Diese von mir verfasste Ode war für den Pulitzer-Preis, dem bedeutendsten Journalistenpreis, nominiert. Doch korrupte Neider haben verhindern können, dass ich diesen gewann.
Dennoch wird die Bedeutung meines Kunstwerks demnächst honoriert. Die Ode wird vertont und steht in der engeren Auswahl für die europäische Nationalhymne.
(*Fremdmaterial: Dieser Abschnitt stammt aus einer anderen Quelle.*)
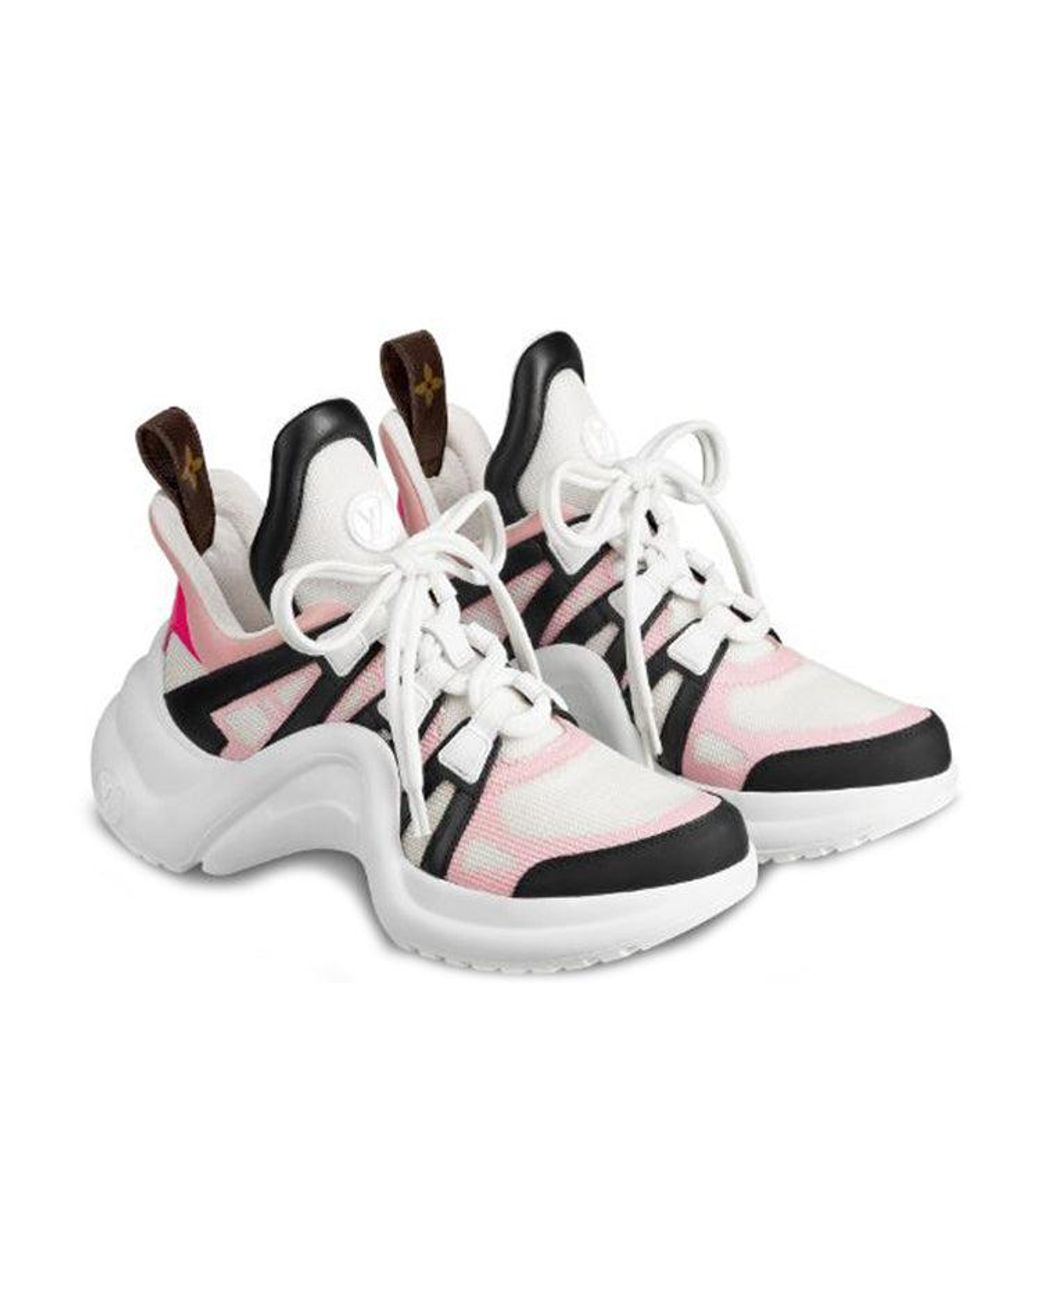 WMNS) LOUIS VUITTON LV ARCHLIGHT Sports Shoes Blue/White/Pink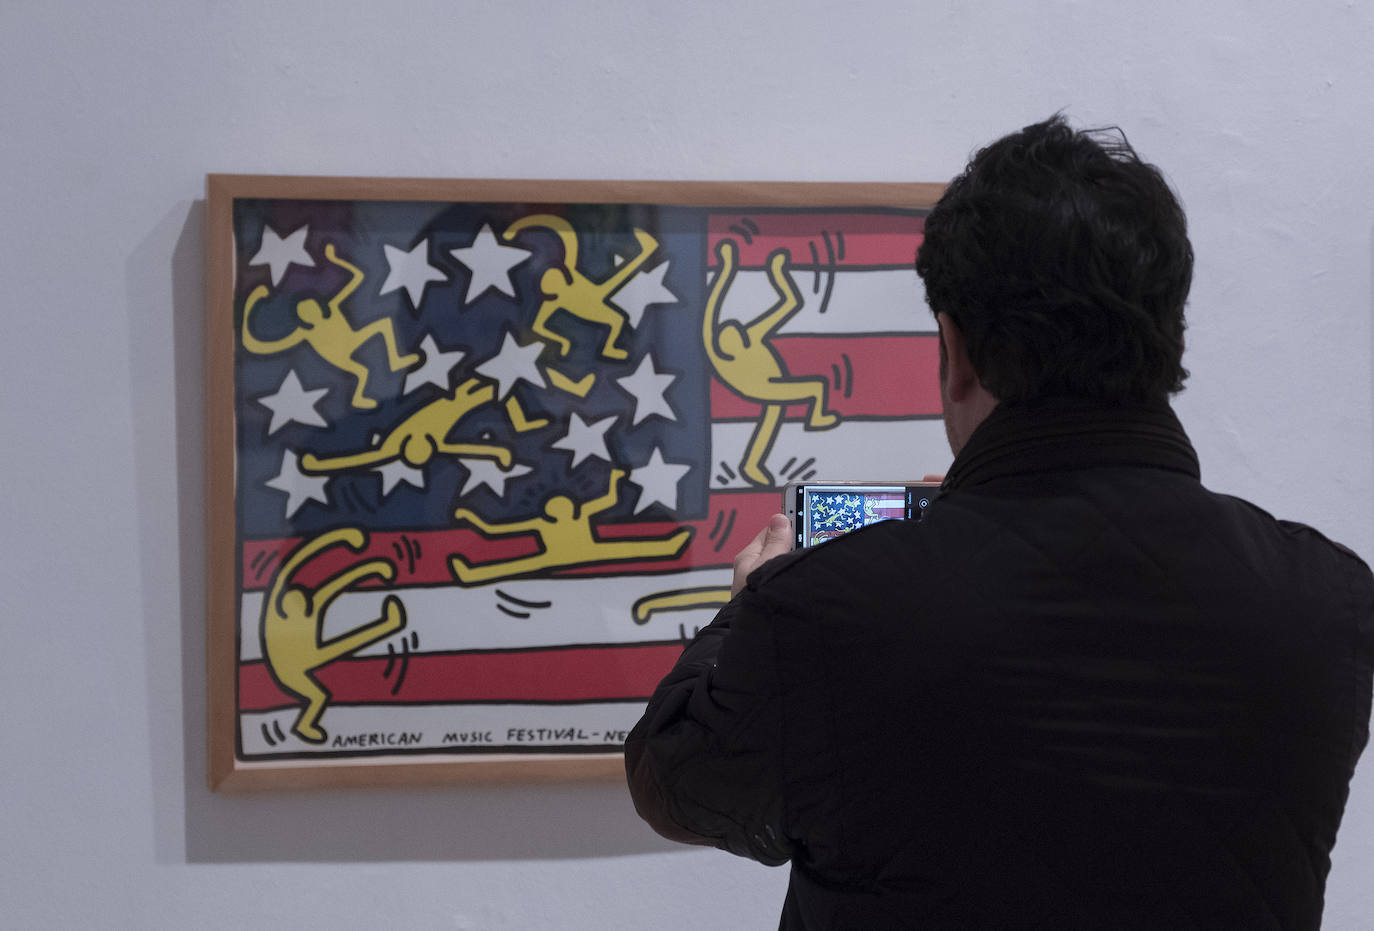 La sala de exposiciones de La Pasión acoge la muestra 'Arte para todos' de Keith Haring.

„Kommt nicht infrage!", sagte er. „Du hast mir nicht die Aufgabe gegeben: 'Bringe die Wahrheit ans Licht', sondern: 'Mach meine Geschichte publik'. Ich habe mich dafür entschieden, nicht nur deine Geschichte berühmt zu machen, sondern auch dich. Es wurde Zeit, dass du etwas aus deinem

Leben machst, Jonathan. Und ich stand dir als Berater zur Verfügung." Billi klopfte Jonathan ermunternd auf die Schulter. „Ich wusste von Anfang an, dass du dir das alles nur ausgedacht hast. Die Münze hast du bestimmt als Kind selber mal auf einer Schulreise gestanzt." Jonathan wusste gar nicht, was er sagen sollte. Pierre hatte ja von seinem Freund geschwärmt, aber so viel Grossmut hätte er nun doch keinem Menschen zugetraut. Billi holte zwei Gläser und eine Flasche Champagner hervor.
„Auf einen erfolgreichen Abschluss unserer Arbeit!"